I have described only one of several approaches to using Pigouvian taxes to control pollution--an effluent fee, a fixed price per unit of pollution produced. At least two other ways of doing essentially the same thing have been discussed in the literature and employed in practice: auctioning pollution permits, and granting firms transferable pollution permits.
With an auction system, the EPA or equivalent first decides how much pollution it is willing to tolerate--say a million pounds per year of SO2.It then auctions off permits for that amount of pollution, letting the market set the price. A firm that wants to emit a hundred pounds a year must buy permits for that amount. So the price of the permit plays the same role in this system as the effluent fee in the system described in the text.
Using an auction instead of an effluent fee makes sense if the EPA has better information about what the optimal quantity is than about how much damage one more unit of pollution does.Imagine a situation where a particular sort of pollution produces negligable effects below some level, and very serious effects above it, perhaps because that is the level that can be adequately dealt with by natural processes. By auctioning a number of permits slightly below the critical level, the EPA gets roughly the efficient amount of pollution, without having to somehow measure the amount of damage done by one more pound of pollution.

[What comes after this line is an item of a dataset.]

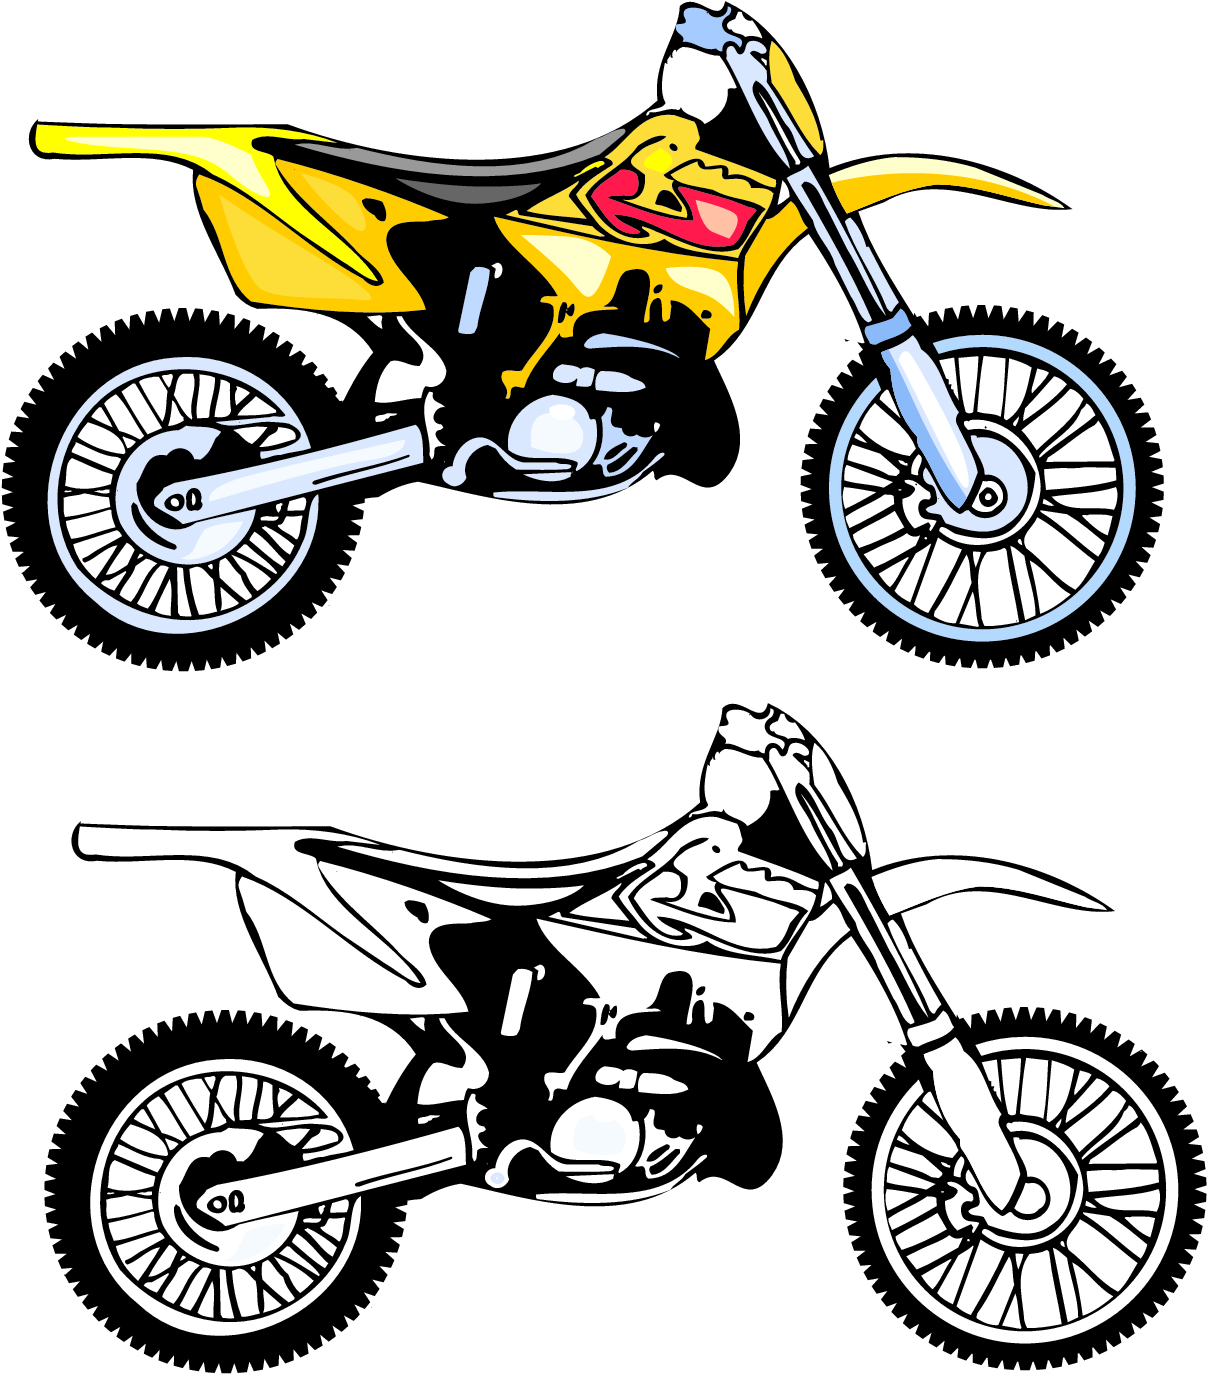 Motorcycle clip art free clipart
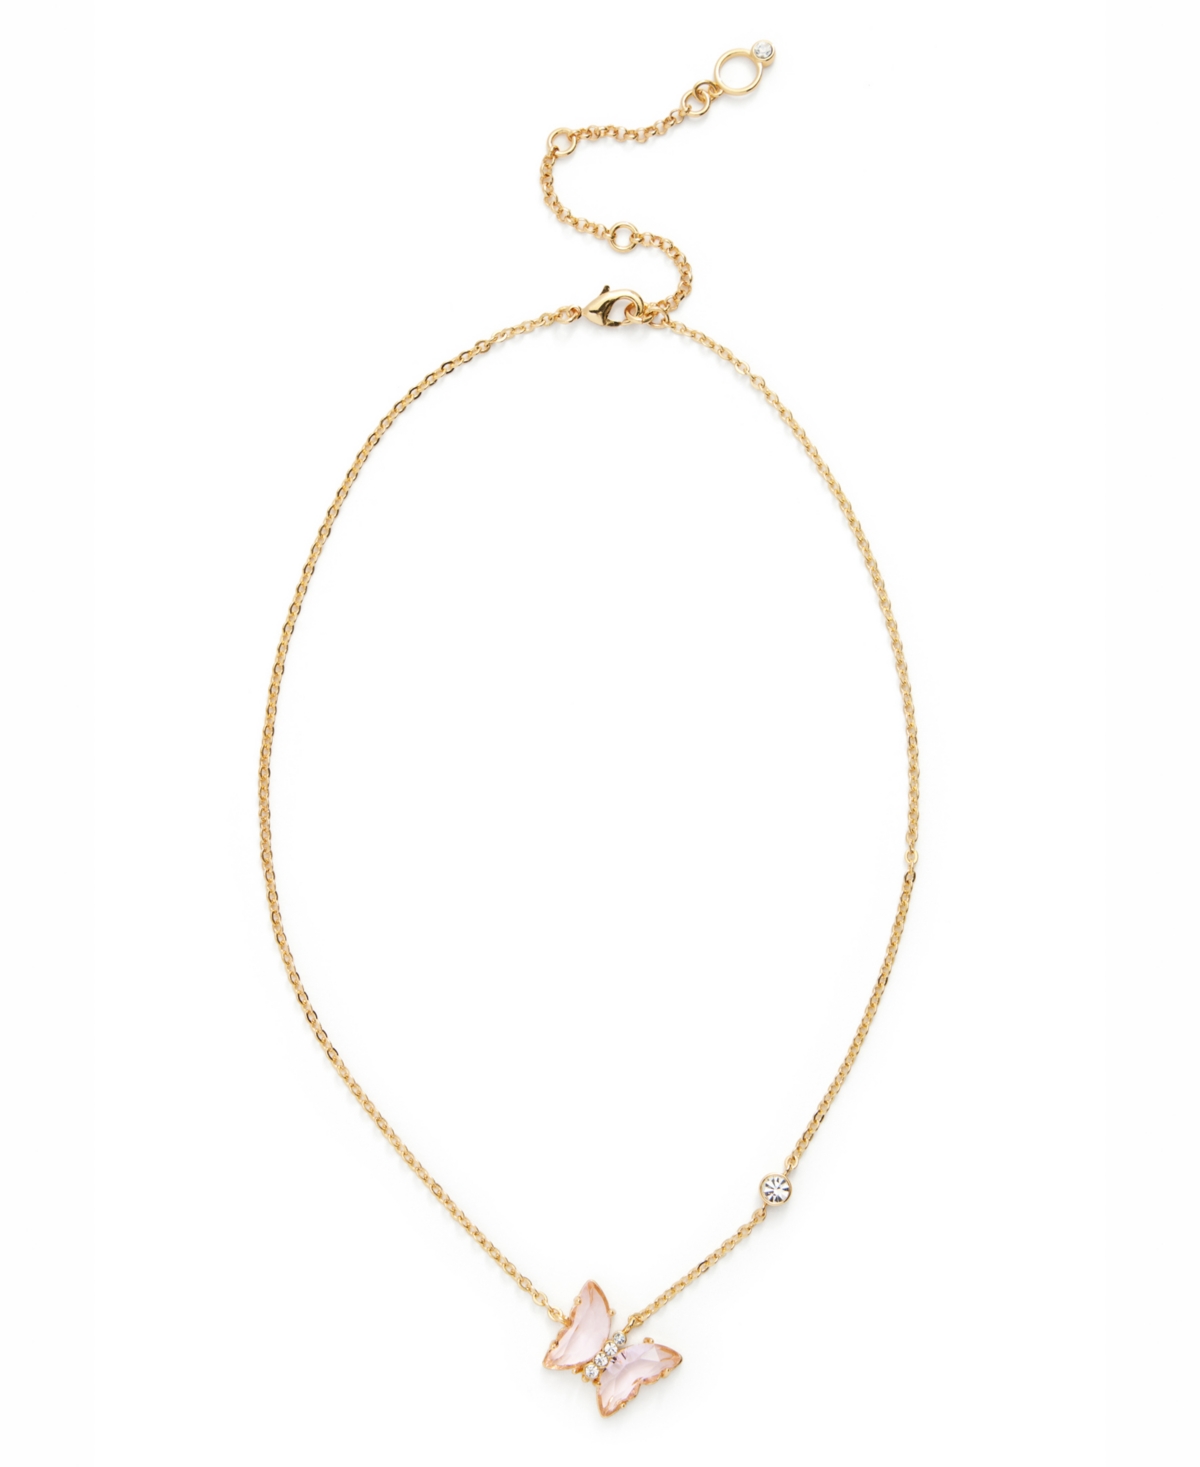 Faux Stone Butterfly Delicate Pendant Necklace - Pink, Gold

Under the third alternative, the EPA creates permits but instead of auctioning them off, it allocates them to someone else--typically to the firms currently doing the pollution. Suppose, for example, the EPA decides that a particular pollutant ought to be reduced to 90% of last year's level. Further suppose it knows how much of that pollutant each firm produced last year. It issues each firm permits for 90% of last year's pollution. The firms are then free to trade permits among each other. So if my firm finds that it can easily reduce its pollution to 50% of last year's level, it does so, and sells the surplus permits to other firms that find it hard to cut back even to 90%.
Here again, the price of the permit plays the same role as an effluent fee. This is obvious in the case of a firm that wants to emit more of the pollutant than it has permits for, and must buy additional permits in order to do so. It is also true, although less obvious, for a firm that is selling permits. The more it pollutes, the fewer permits remain to be sold, so part of the cost to it of an additional unit of pollution is the lost revenue from not being able to sell the permit for that unit to someone else.
Like the auction, a system of transferable permits makes sense if we have better information about how much pollution we want than about how much damage an additional unit of pollution causes. Its advantage is that the firms, which are made worse off by an effluent fee or an auction, are compensated by having the permits allocated to them, which is likely to reduce the political opposition to pollution control. One disadvantage is that firms that anticipate such a system coming into existence have an incentive to produce lots of pollution now, in order to be allocated lots of permits when the system is established.
This is one example of a more general issue: When legal rules change, how should the associated costs be distributed? At one extreme, the change can be designed to minimize its effect on the distribution of income--as with transferable permits. At the other extreme, it can be designed to punish past instances of the behavior that is now being penalized--for instance, by making the rules retroactive, requiring firms to buy permits to cover past as well as present pollution.
Consider the same issue in the context of one of the most controversial legal changes in American history--the abolition of slavery. One approach, actually followed to some degree in a number of other countries, was for the government to buy the slaves from their owners, and frree them. That has the advantage of reducing opposition to the change. The opposite approach is to not only free the slaves without compensating their owners--what actually happened in the U.S.--but to also make the owners liable to the freed slaves for the cost imposed on them by being enslaved in the past. This has the advantage of giving a slaveowner who anticipates the change an incentive to free his slaves before he has to, in order to reduce future liability. I discuss these issues in "Choosing Metarules for Legal Change."